# Required action
Given these entries, repeat exactly the lines starting with the one that has "8828e47297991 Low Resolution" and going on through the one that has "ap_casa_da_princesa-01", both included, but none of the pictures.

# Information supplied
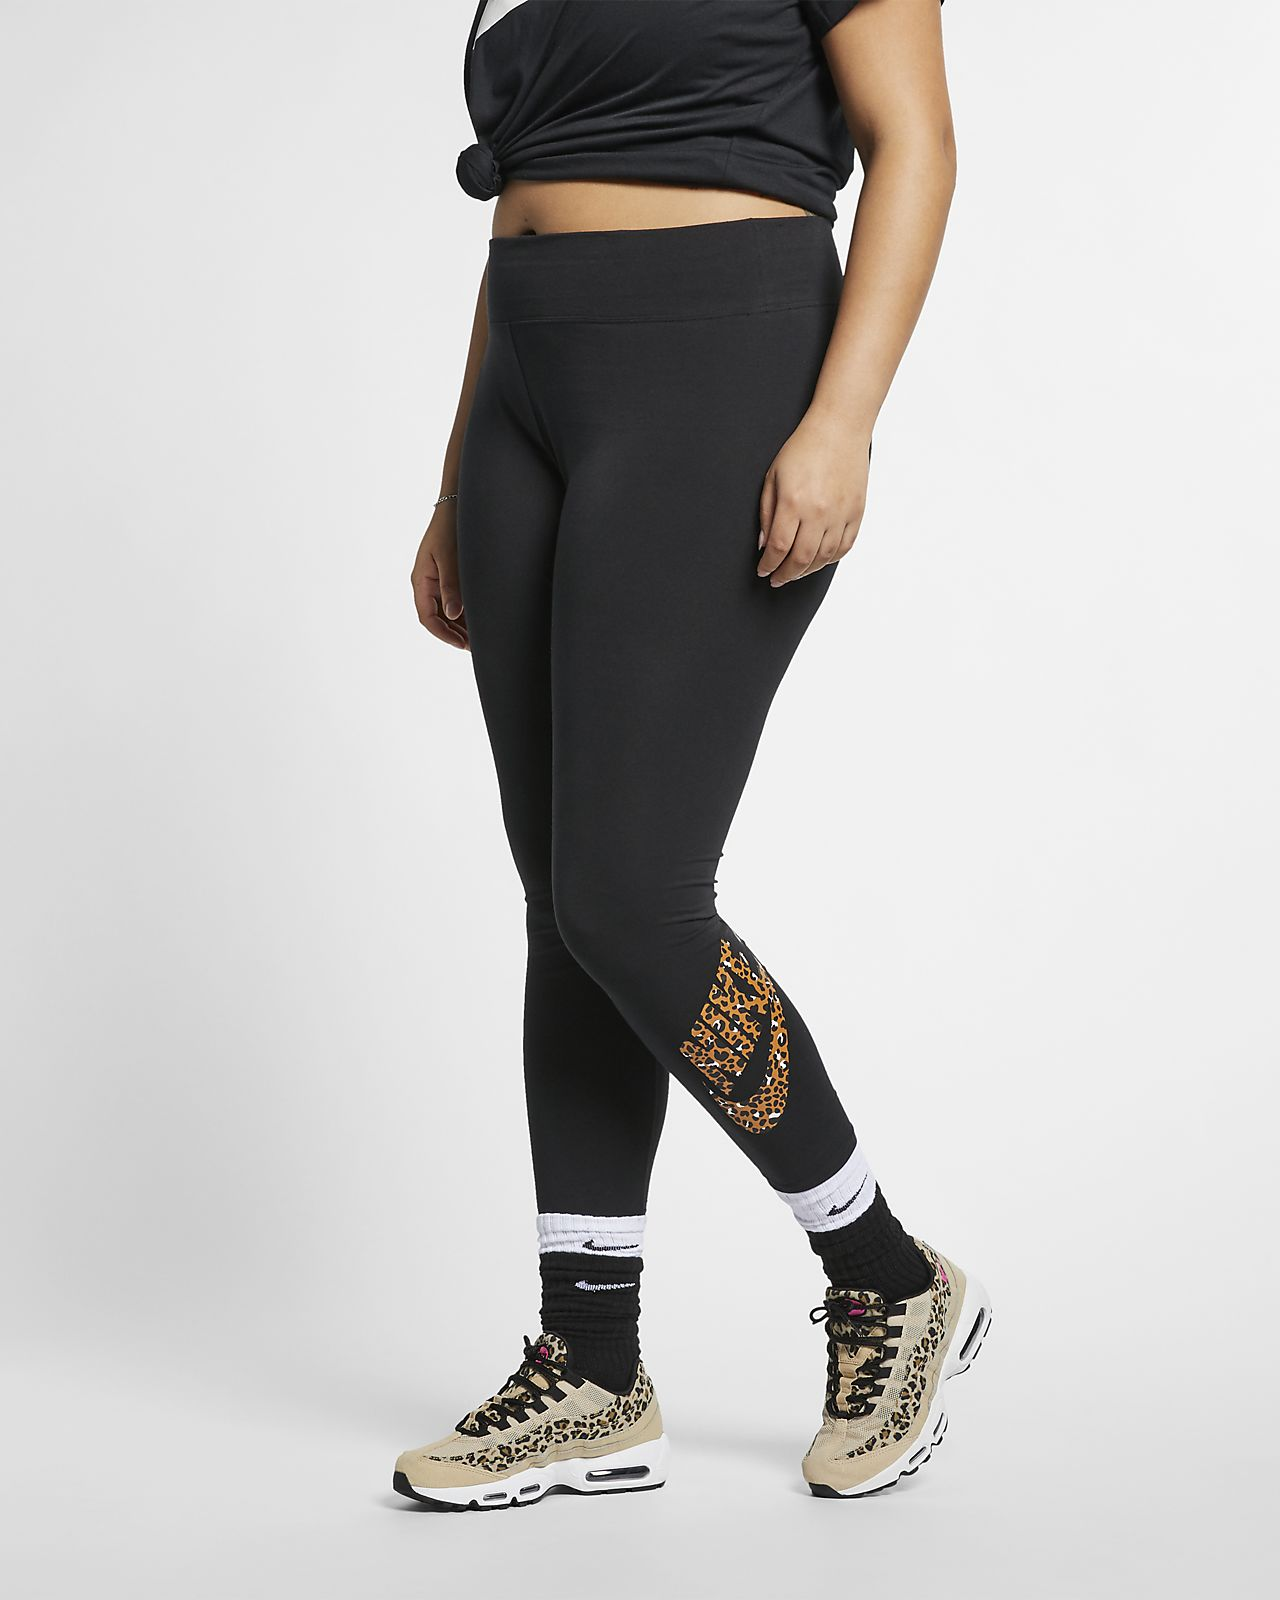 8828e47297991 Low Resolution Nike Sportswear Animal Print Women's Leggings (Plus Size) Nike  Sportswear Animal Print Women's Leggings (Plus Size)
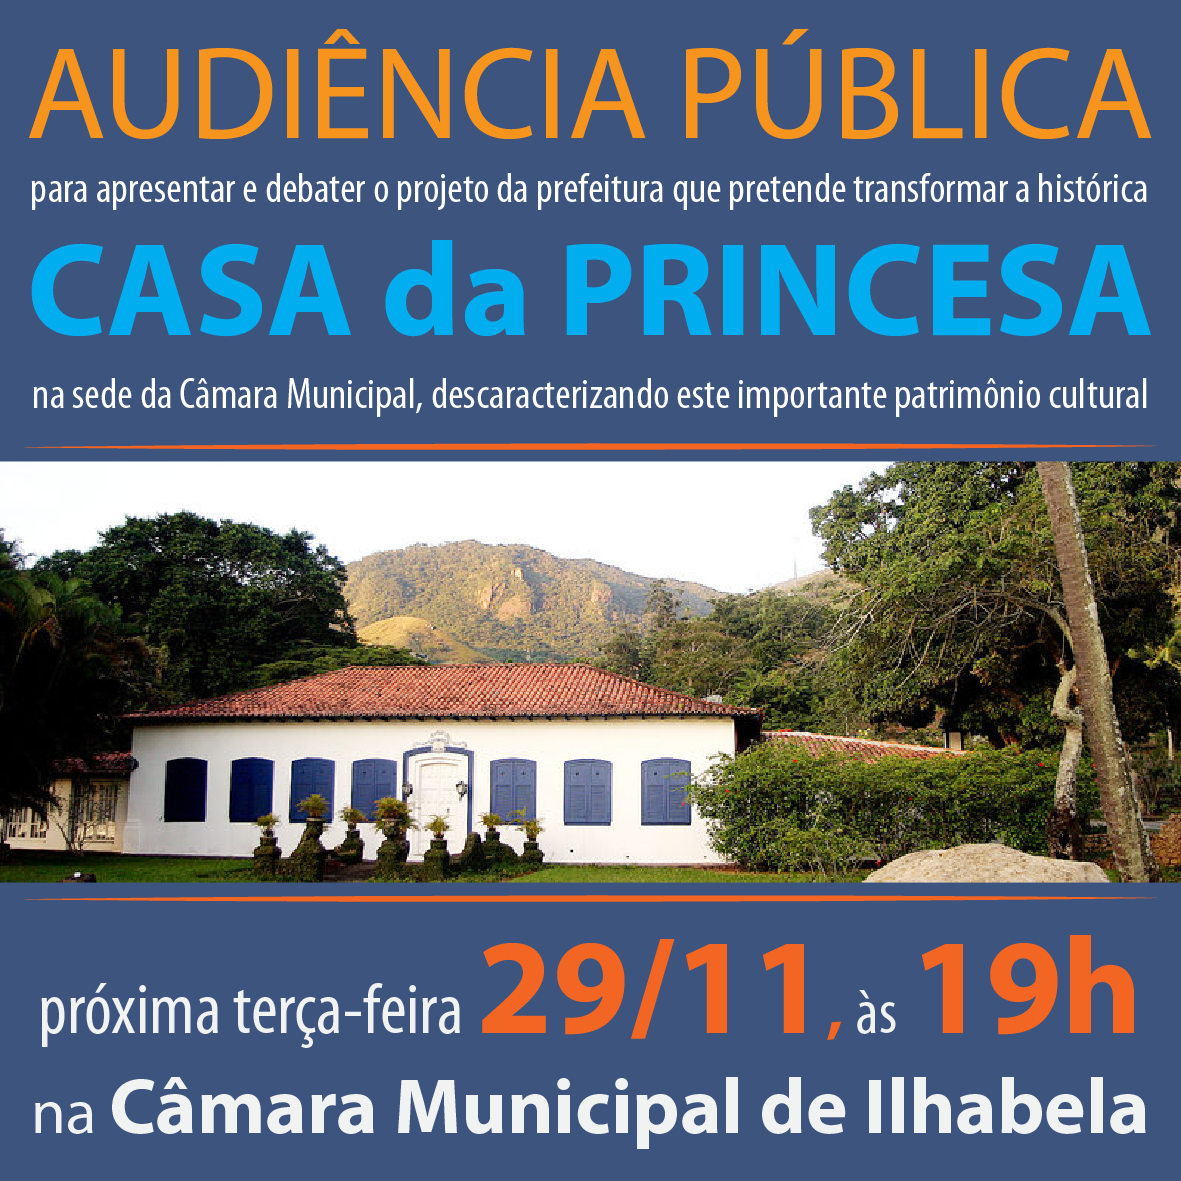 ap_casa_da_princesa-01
---
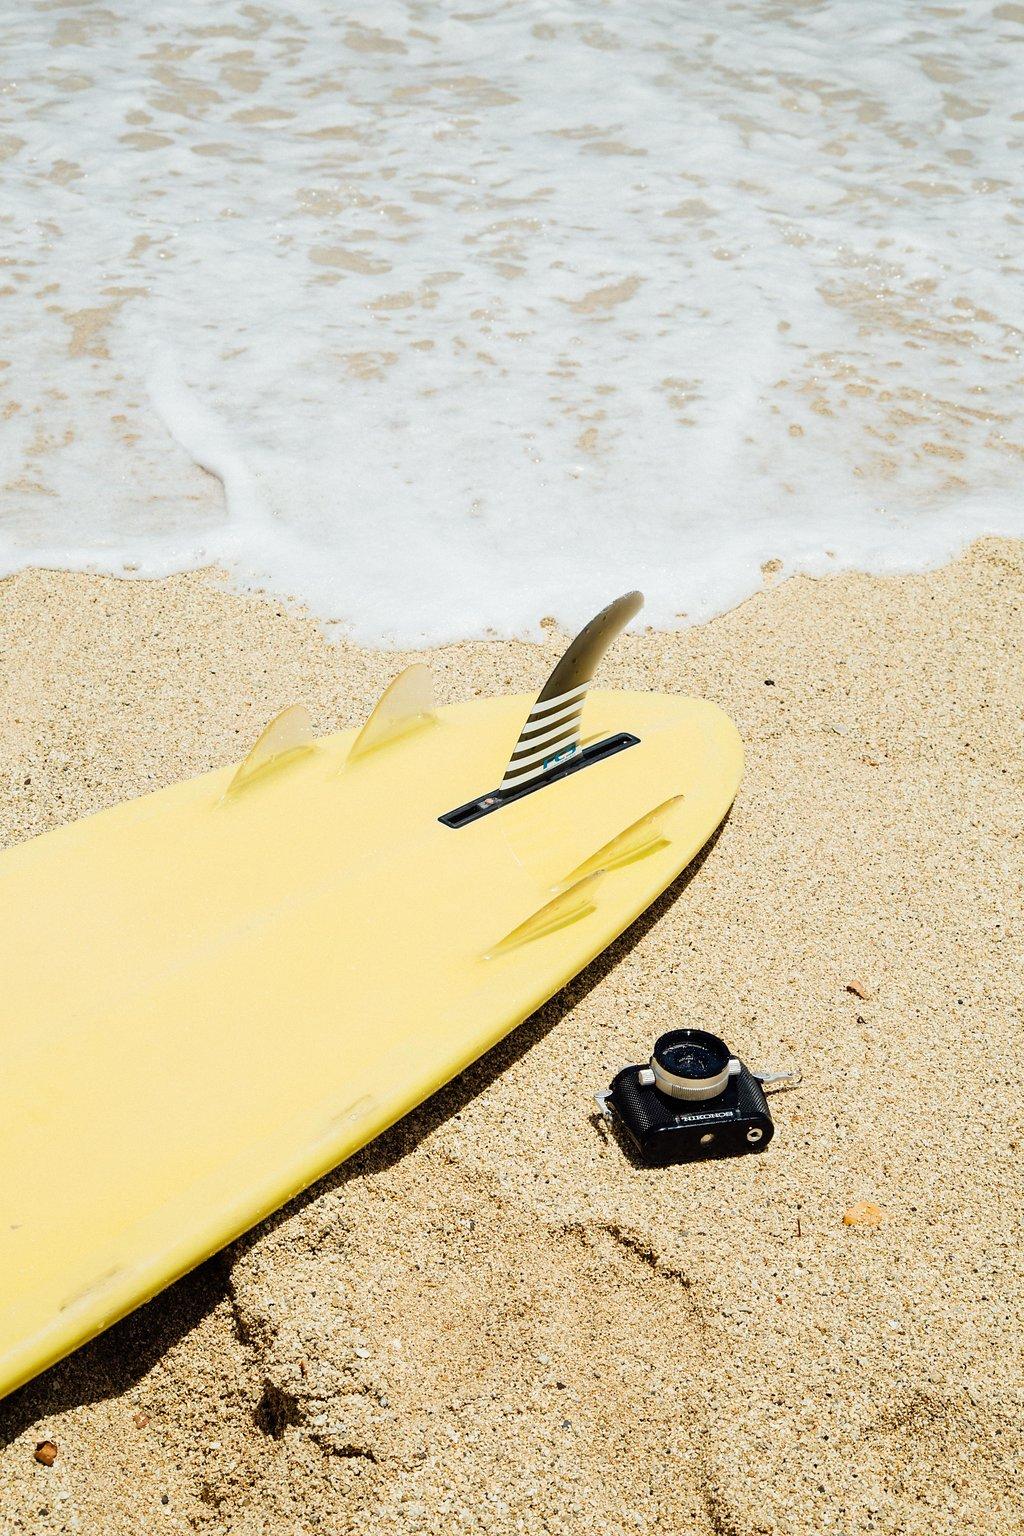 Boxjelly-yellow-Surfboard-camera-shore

# Exercise solution
 8828e47297991 Low Resolution Nike Sportswear Animal Print Women's Leggings (Plus Size) Nike  Sportswear Animal Print Women's Leggings (Plus Size)
 ap_casa_da_princesa-01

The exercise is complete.